Somehow he ended up convincing them to give him a bionic after the dust settled and a high level VZW customer support contracted him about his troubles.

My CM7-ified Droid X sent this while my back was turned.


----------



## malac0da (Jun 6, 2011)

I think I am going to go into VZW tomorrow and see what they will do...I don't want to file a claim because the deductible is 100 bux and I am getting the gnex when it comes out...right now I am stuck with a moto devour till I get this phone squared away. Part I am scared about it using rsdlite though to get it back to stock lol.


----------



## trongable (Jun 12, 2011)

I had the same problem a few weeks ago and tested out a few things.
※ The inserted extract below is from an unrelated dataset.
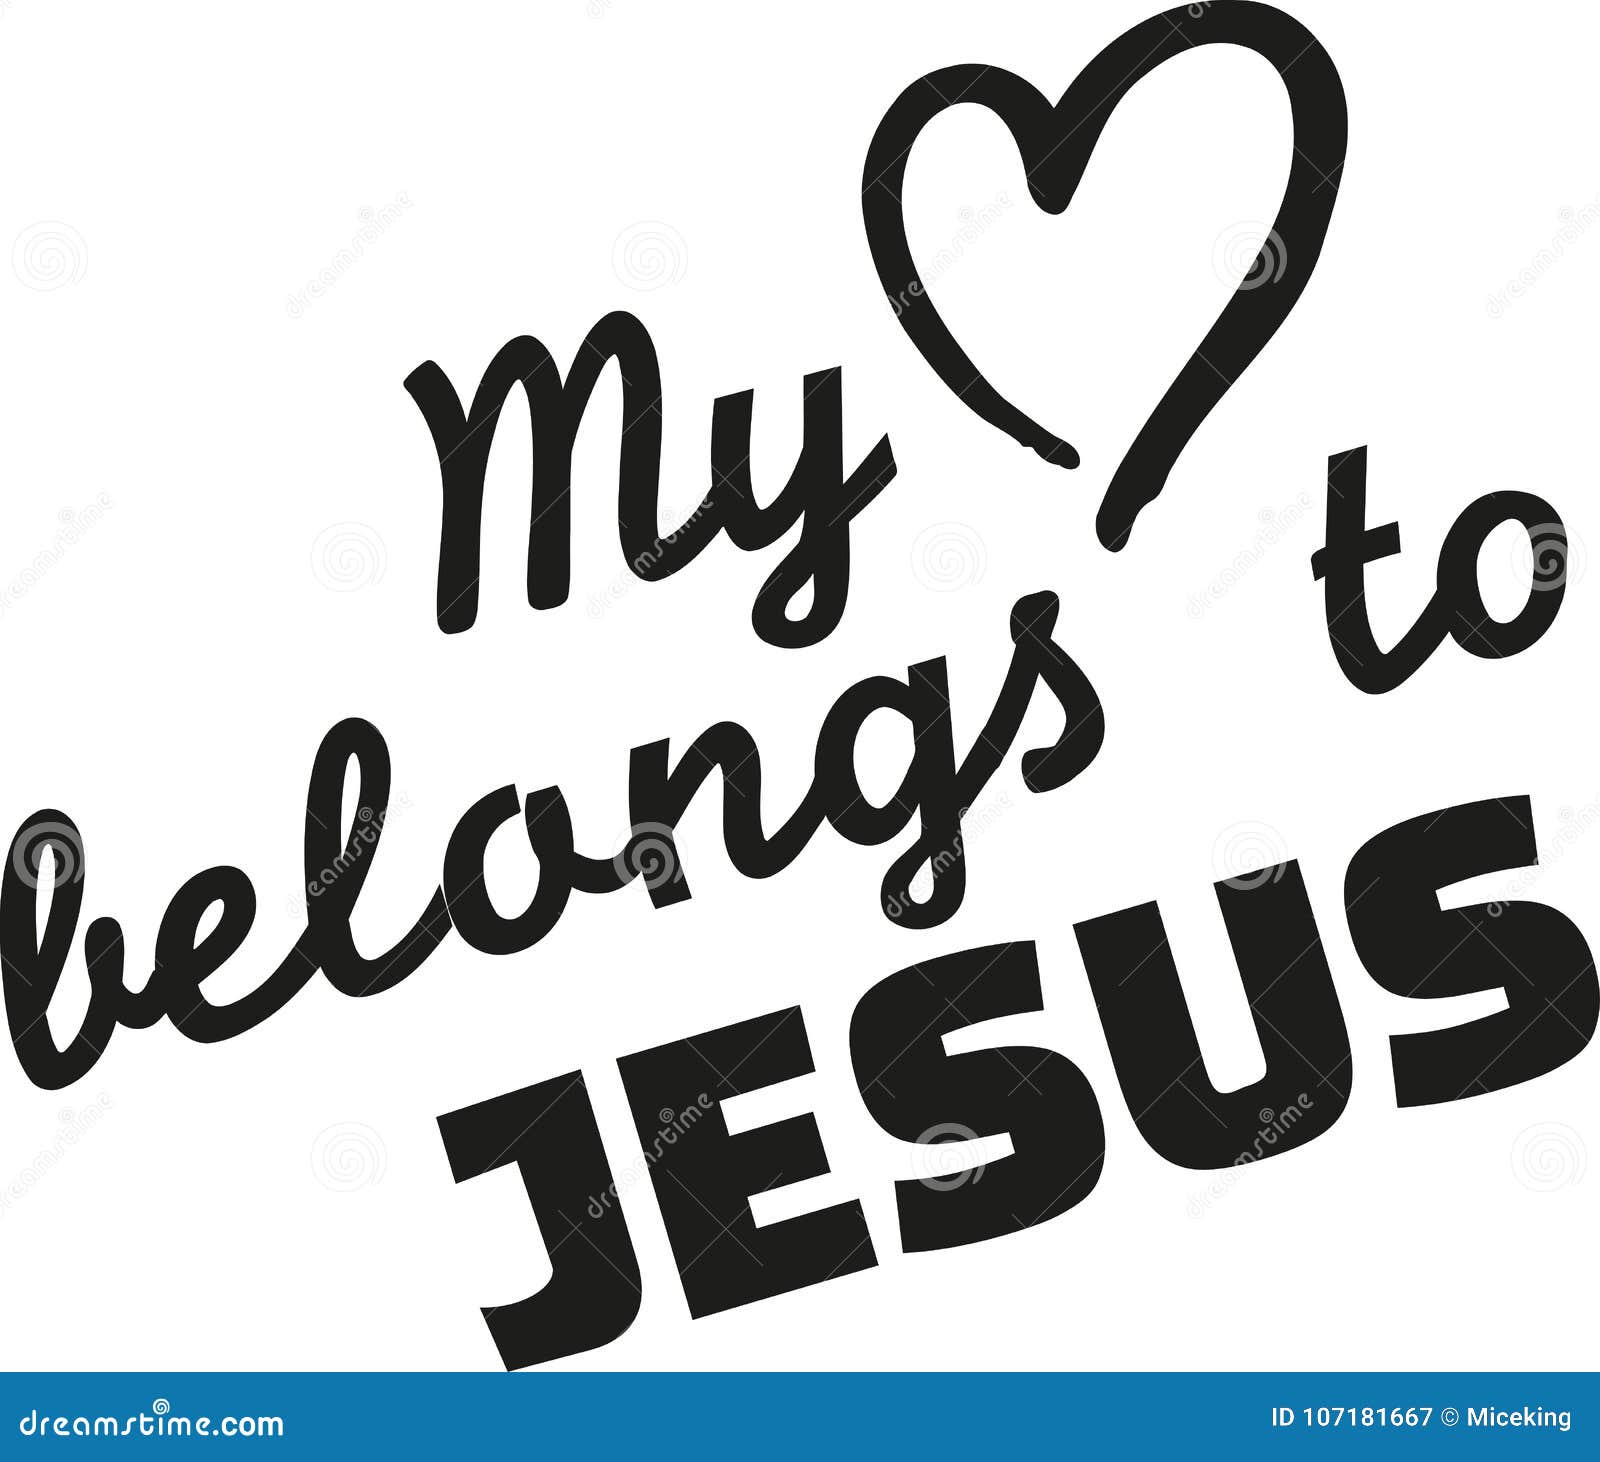 my heart belongs to jesus

It turns out that the problem was not with the USB port (because that still works), but with the charging mechanism elsewhere on the phone.
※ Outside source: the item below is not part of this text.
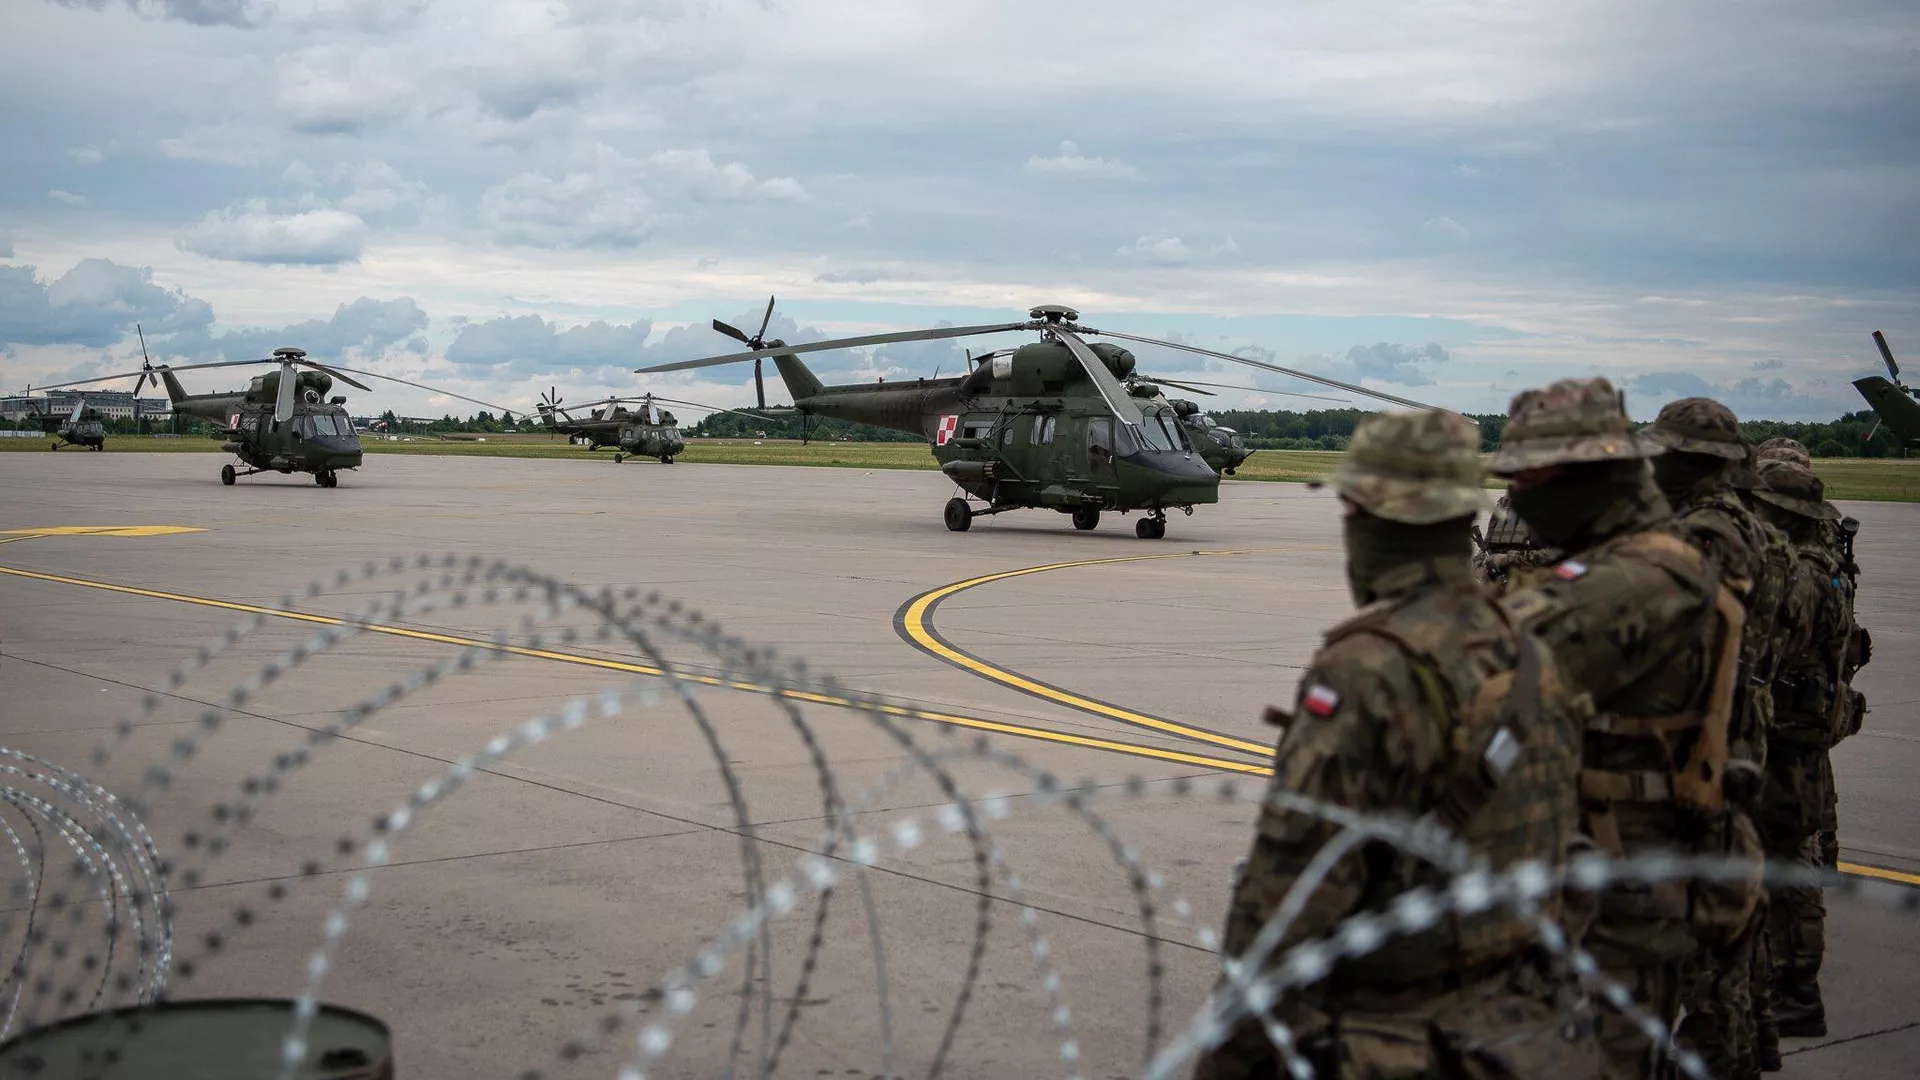 Польша начала фортификационные работы на границе с Белоруссией

I took it to the Verizon store (even though it was still rooted and running CM7) and they said although it was out of warranty, I could get an early upgrade. My upgrade wasn't until March 2012, so I decided to take them up on their offer but wait til the Galaxy Nexus came out to use my early upgrade. Hopefully, something they offer you something similar (I bought the DX on launch day, which might be before they imposed any new rules about early upgrades).
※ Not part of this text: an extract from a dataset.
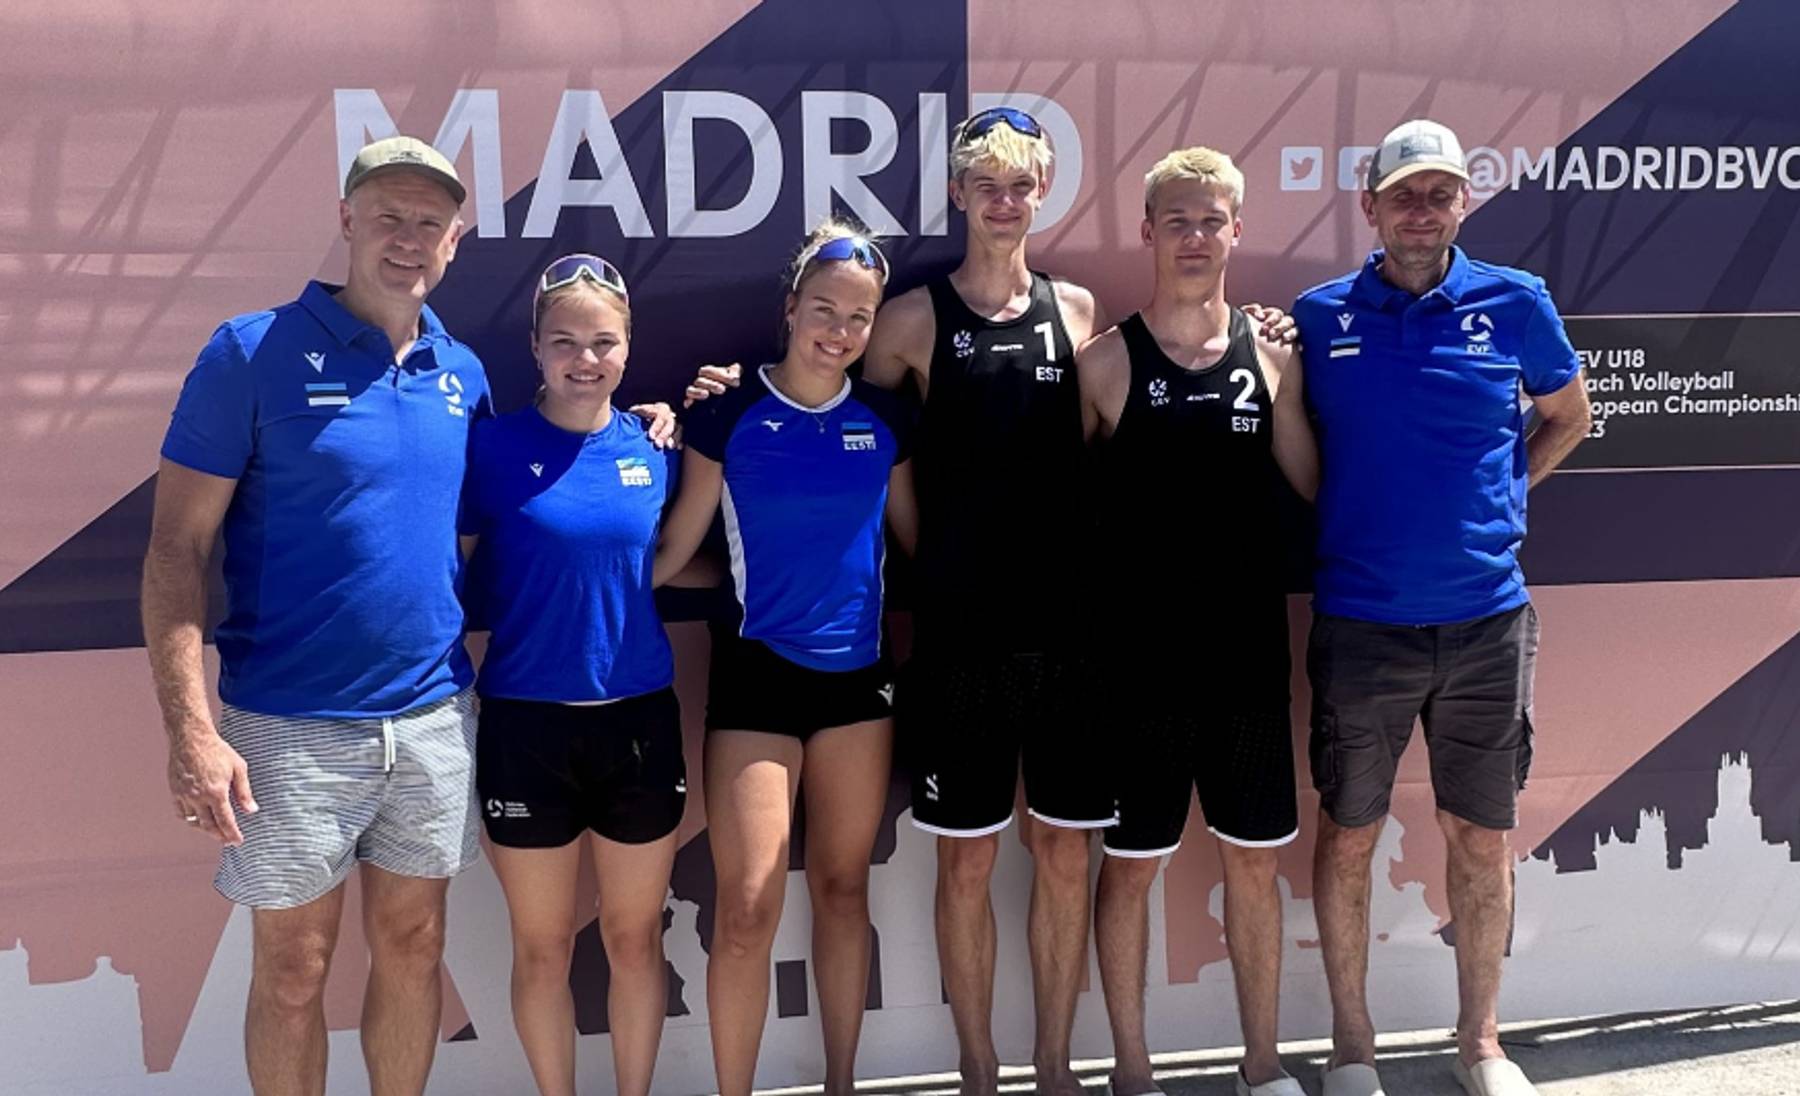 Anni ja Liisa Põldma ning Joonah Marten Üprus ja Joosep Kurik treenerite Argo Araku ja Kristjan Kurikuga U18 rannavõrkpalli EMil Madridis.

As a temporary solution, because I own 2 batteries, I use an external charger and swap out batteries when the first one runs out. I go through 3 charge cycles per day:
Have one charge overnight with one in the phone
Swap them when I wake up
Swap them when I get home
Swap them before I go to bed
The extra battery is really cheap, only $5 for the official Motorola one: http://www.amazon.com/Motorola-Droid-MB810-BH5X-Battery/dp/B004CP84U2/ref=sr_1_2?ie=UTF8&qid=1320964217&sr=8-2
The external charger was also $5: http://www.amazon.com/gp/product/B004CQ0IX2/ref=oh_o01_s00_i00_details

Hope this helps!


----------



## Xaleph (Oct 28, 2011)

malac0da said:


> So I plug my phone in and it says its charging but its not. for a while it was kind of finicky to how the plug was like if i wobbled it a little it would connect then disconnect but now it says its connected and charging but its not actually charging. and today it actually lost 10% while "charging." Think its the plug or the battery? i tried multiple wires connected into usb ports and different adapters and its always the same result so I know it isn't the wire. It is either the port on the phone or the battery. If I take it into the store will they take a look at it and tell me if its one or the other for free? I have insurance but the ones they send don't come with a battery so I don't want to waste the claim if its not actually the phone.
> 
> I'd appreciate your input...


My wife and I both have this issue with our car chargers (we both have Droid X). Some of the chargers from Verizion/Motorola are "official" and cheap... The HP Touchpad charger works great on it (fits like a glove, no magic wire manipulation required).

For us it's the charger (it just gets loose with the standard verizon/moto chargers).


----------



## malac0da (Jun 6, 2011)

Went to Verizon today said the usb port on the phone was damaged and said it fell under the warranty. Then starts checking the water damage stickers and says they wont accept it because the sticker on the battery was gone but said I could file and insurance claim...I said yeah right I'm not paying 100 bux for a new phone when I can buy a used one on ebay for less than that. Then questioned why it even matter if the battery got wet(which it didn't) if the rest on the phone was fine except for the broken usb port. He said if they see the water damage sticker missing they will charge me. So I stormed out and goggled "droid x water sticker" and found a lot of people having the same problem with the water sticker on the battery and being denied warranty claim because of it then saw somewhere that verizon knows about the issue. So I walked right back and explained to someone else what happened and now I have a replacement on the way.

Sent from my DROIDX using Tapatalk


----------